India raises the ante on its space program
India launched its first recoverable satellite Wednesday, throwing its hat into the new space race of the East.
Wednesday morning, India launched a satellite that makes clear its intentions to join what is emerging as a second space race.
After at least 12 days in orbit, it will attempt something that no Indian satellite has ever before attempted: to return to Earth, splashing down in the Bay of Bengal. If successful, India would join an exclusive group – only the United States, Russia, China, and the European Union have mastered the technology necessary to recover a capsule and its cargo safely.
As India considers setting up its own manned space program, this mission represents an indispensable first step. Yet it is also part of Asia's increasing spaceward gaze, as economic maturity and a desire for international prestige – as well as China's entry into the space sweepstakes – prompt countries into action.
"You see this in East Asia in general," says Jeff Foust, editor of The Space Review, an online journal. "Japan feels it has fallen behind China, South Korea is developing its own launch vehicle, and India slots in very close to China. It is a rising power."
For India, Wednesday's launch was a milestone in more than one respect. Not only did it carry the SRE-1 recoverable satellite, which will perform zero-gravity experiments before plunging into the Bay of Bengal, but it also included three other satellites – the largest and most complex payload ever deployed by an Indian rocket.
These are heady times for the Indian Space Research Organization. Since its inception in 1972, ISRO has concerned itself with only the most practical of space projects, such as communications and mapping satellites to help farmers and villagers. In this way, India's space program "is totally unique," says Will Marshall, an expert at the Space Policy Institute in Washington.
Yet as India's economic reforms take hold, and the aspirations of its governing class broaden, its agenda for space has become bolder as well. Next year, ISRO will launch Chandrayaan to the Moon – the first Indian satellite to venture beyond Earth's orbit. By 2013, it hopes to launch a probe to Mars. Later that decade, it could send up its first "gaganaut" – one suggestion for a Sanskrit version of "astronaut" – and even visit the Moon.

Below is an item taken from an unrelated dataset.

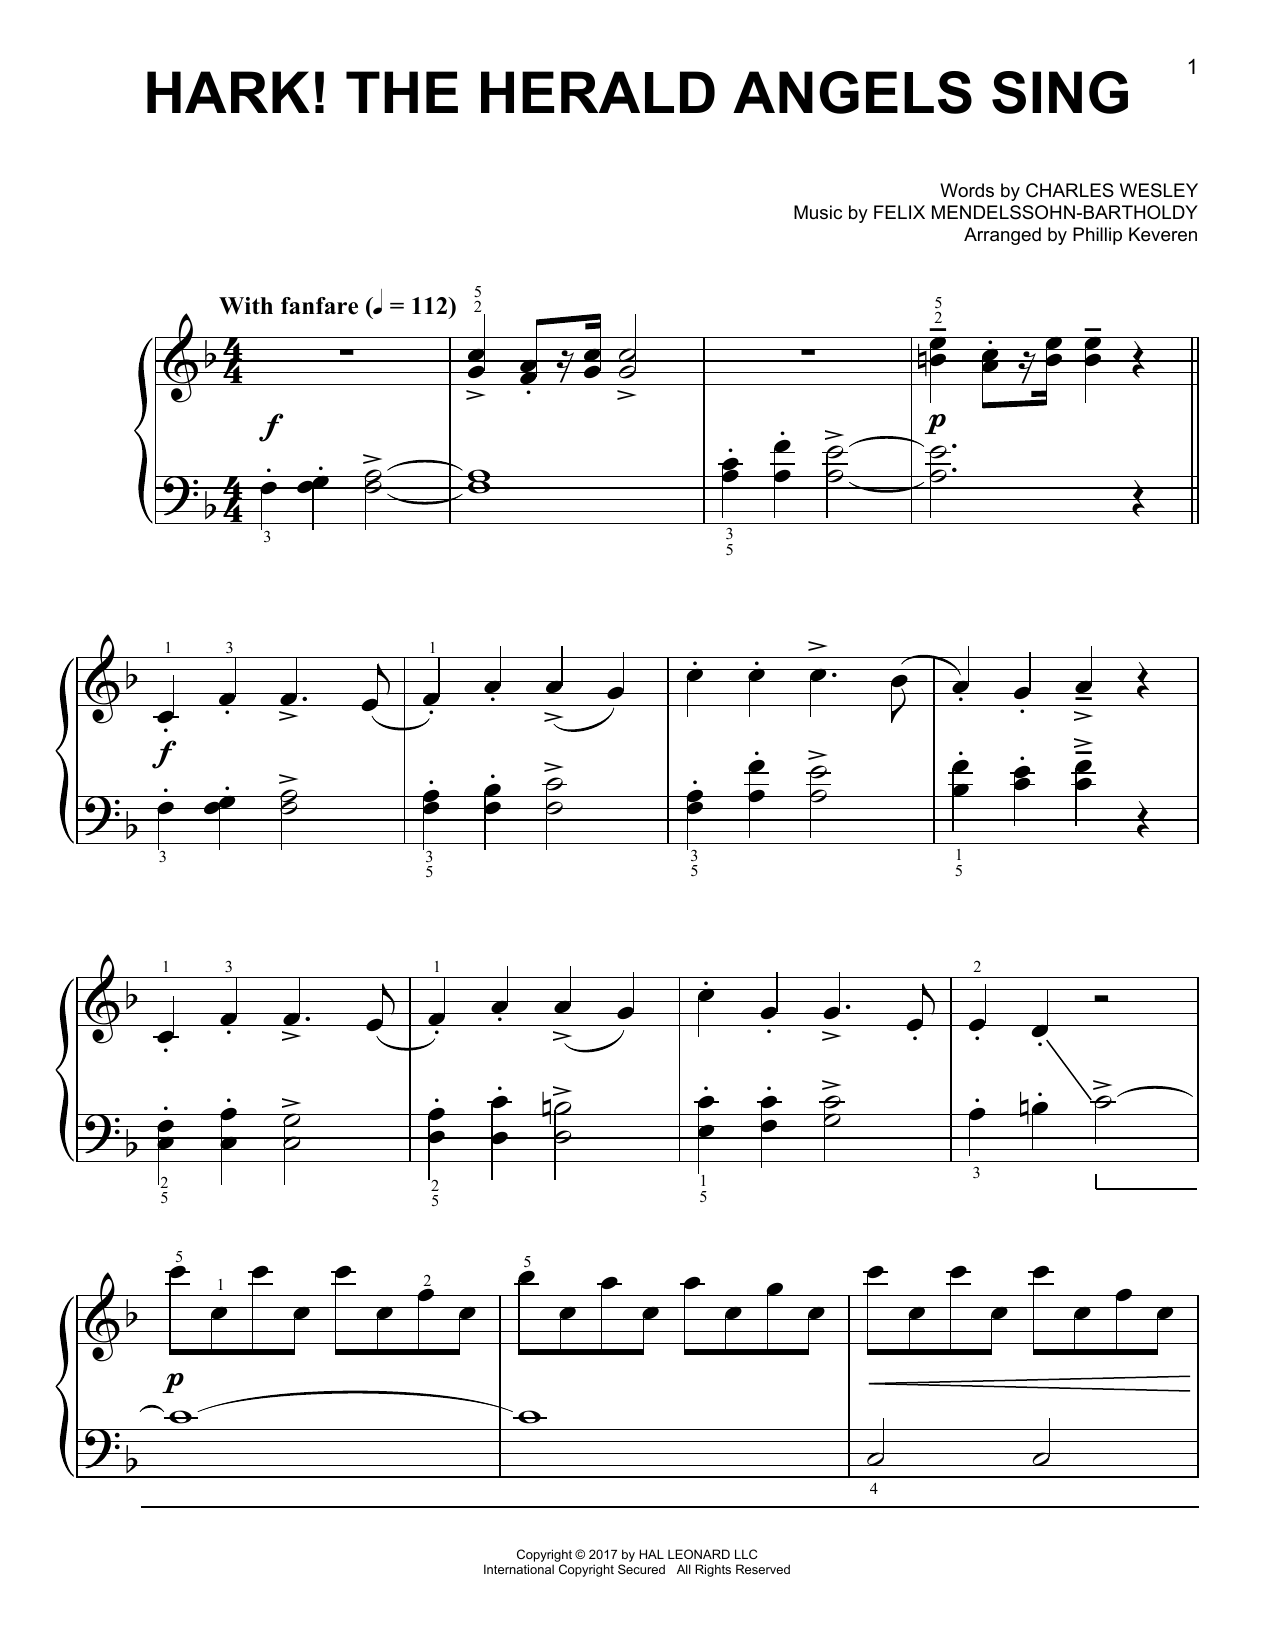 Felix Mendelssohn-Bartholdy Hark! The Herald Angels Sing [Classical version] (arr. Phillip Keveren) Sheet Music Notes & Chords for Easy Piano - Download or Print PDF

As of yet, India has no official manned space program. In November, however, a gathering of 80 of India's top scientists unanimously endorsed an ISRO plan to begin manned spaceflights by 2014. And though the current mission was not developed as a test for manned spaceflight technologies, "all of it would be useful," says S. Krishnamurthy, a spokesman for ISRO in Bangalore.
India insists that this shift from the practical to the adventurous is purely in its own national interest, and not a reaction to any other nation. Indeed, experts say planetary science and manned spaceflight are a logical next step for India.